Currently, I'm using the default parameters as provided in the GloVe demo script (I only adjusted dimenstion size to 300) 🤗
@stefan-it The main difference to the demo script is setting VOCAB_MIN_COUNT=0 which creates embeddings for all byte-pair symbols, not just frequent ones.
#! /usr/bin/env bash
set -eou pipefail
# set this to something else if you want to keep GloVe co-occurrence files permanently,
# say, to create embeddings of the same corpus with different dimensions
TMP=/tmp
mkdir -p $TMP
# need to set this
BUILDDIR=/SET/THIS/TO/PATH/OF/glove/build
# set this to something appropriate for your system
NUM_THREADS=24
# path of single plain text file containing the byte-pair encoded corpus
CORPUS=$1
# where the GloVe files should be saved
OUT=$2
# GloVe embedding dim
VECTOR_SIZE=$3
FNAME=$(echo $CORPUS | sed "s#/#_#g")
SAVE_FILE=$OUT.glove
VERBOSE=2
MEMORY=64.0
# we want embeddings for *all* BPE symbols
VOCAB_MIN_COUNT=0
MAX_ITER=50
WINDOW_SIZE=15
BINARY=0
X_MAX=10
# this part is probably not necessary unless you create lots of embeddings
VOCAB_FILE=$TMP/$FNAME.vocab.txt
COOCCURRENCE_FILE=$TMP/$FNAME.cooccurrence.bin
COOCCURRENCE_SHUF_FILE=$TMP/$FNAME.cooccurrence.shuf.bin
# random filenames for overflow and tempshuf files to prevent naming clashes
OVERFLOW=$TMP/${FNAME}.overflow_$(echo $RANDOM $RANDOM $RANDOM $RANDOM $RANDOM | md5sum | cut -c -8)

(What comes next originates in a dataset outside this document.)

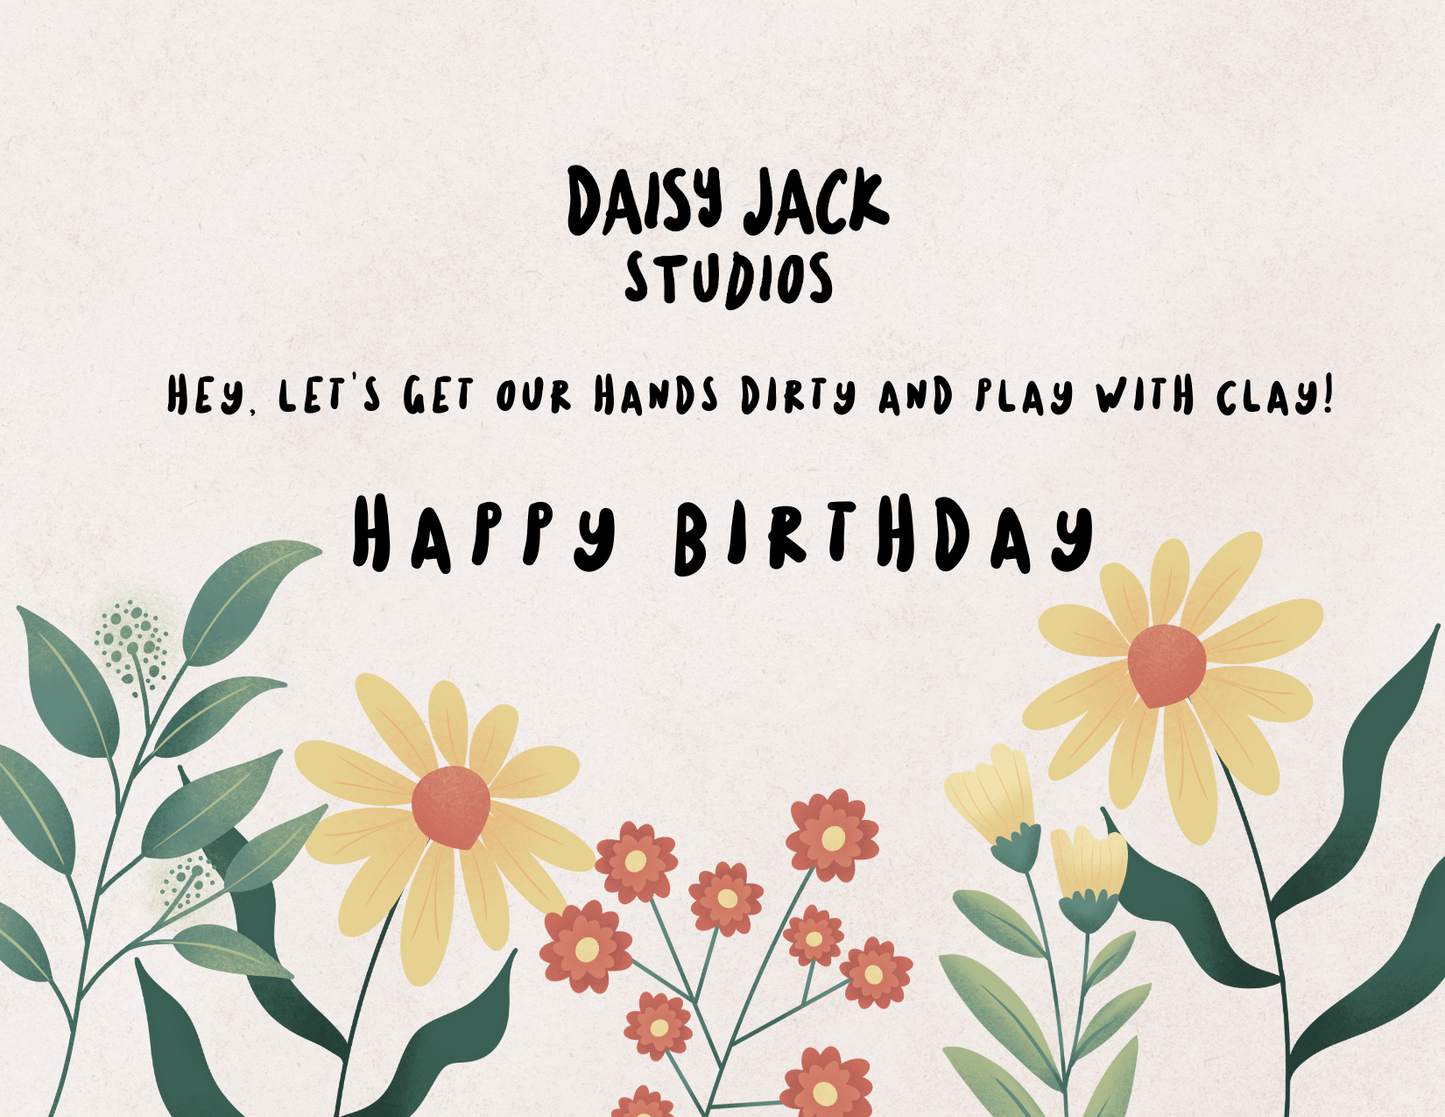 Daisy Jack Studios Gift Card

TEMPSHUF=$TMP/${FNAME}.tempshuf_$(echo $RANDOM $RANDOM $RANDOM $RANDOM $RANDOM | md5sum | cut -c -8)
# create vocab and cooccurrence files only once
if [ ! -f $VOCAB_FILE ]; then
echo "$ $BUILDDIR/vocab_count -min-count $VOCAB_MIN_COUNT -verbose $VERBOSE < $CORPUS > $VOCAB_FILE"
$BUILDDIR/vocab_count -min-count $VOCAB_MIN_COUNT -verbose $VERBOSE < $CORPUS > $VOCAB_FILE
fi
if [ ! -f $COOCCURRENCE_FILE ]; then
echo "$ $BUILDDIR/cooccur -memory $MEMORY -vocab-file $VOCAB_FILE -verbose $VERBOSE -window-size $WINDOW_SIZE < $CORPUS > $COOCCURRENCE_FILE"
$BUILDDIR/cooccur -memory $MEMORY -vocab-file $VOCAB_FILE -verbose $VERBOSE -window-size $WINDOW_SIZE -overflow-file $OVERFLOW < $CORPUS > $COOCCURRENCE_FILE
if [ -f $OVERFLOW ]; then
rm $OVERFLOW
fi
fi
if [ ! -f $COOCCURRENCE_SHUF_FILE ]; then
echo "$ $BUILDDIR/shuffle -memory $MEMORY -verbose $VERBOSE -temp-file $TEMPSHUF < $COOCCURRENCE_FILE > $COOCCURRENCE_SHUF_FILE"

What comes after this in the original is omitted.